The cats, however, don’t give a damn that I’m writing, reading, playing a game, sleeping, eating, showering, or sitting on the toilet. Three cats share ownership over me. They have their own secret agendas, which surprisingly, often involves me. Part of that is which cat owns the most of me, and whether that’s acceptable to the other cats.

Between wife, news of the world, the coming and going of the muses, and the cats, novel writing progress has been uneven.

But I persevere. Sometimes, the worse interruption is by me to myself. Self-doubt. Imposter syndrome. General malaise. It struck hardest in Arsehold.

Arsehold is a place in my novel, wholly made up. I came up with the name months ago, a whim that made me laugh. I stuck with it, creating the setting around the name, devising the history of how it came to be. Yet, my characters struggled to get through Arsehold. I naturally responded, per my proclivities, to overanalyze what was going on and why, attempting to seek the root of my issues. I thought it might be the general tone. Perhaps some of the introduced characters weren’t clear enough. Maybe, maybe my characters shouldn’t be in Arsehold. And what happens after Arsehold?

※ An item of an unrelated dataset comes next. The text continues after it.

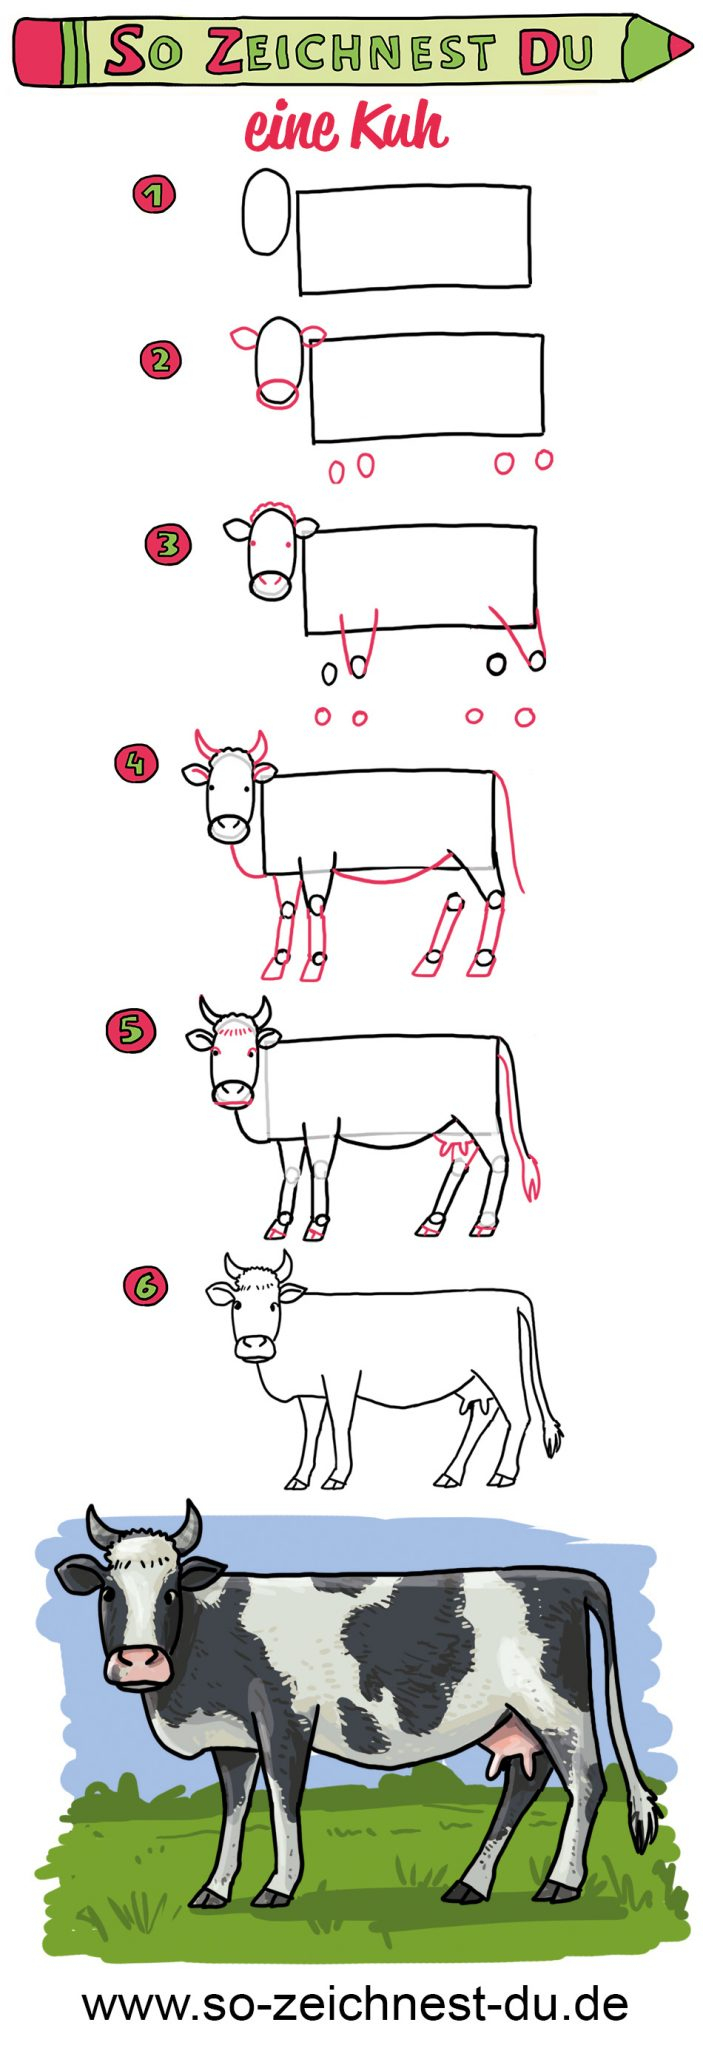 So Zeichnest Du Eine Kuh - Lerne Zeichnen In Wenigen Schritten für Kuh Malen

Writing helps me think by creating a funnel through which I must focus. With all this mental flaying, I did a lot of writing about the novel in progress, addressing the concept, characters, story, plot, locations and settings, etc. Eventually, I took all the assembled material of the novel in progress, one hundred twenty-five thousand words, and began reading, editing, and revising, putting the story into the order that I think it’ll be in published form.

That helped. By the time I’d reached Arsehold (almost sounds like a song lyric — I can hear CCR doing stuck in Arsehold instead of Lodi), I’d discovered that the errors that I thought I was seeing weren’t there. It always scares me to think or say, hey, this is pretty damn good, about what I’m writing, but that’s what I concluded. Of course, it’s my work; if I didn’t think it was good, maybe I should be working on something else, right?

Anyway, I think I might get through Arsehold this week (knock on wood, he said, tapping the side of his head). Got my coffee; time to write like crazy, at least one more time.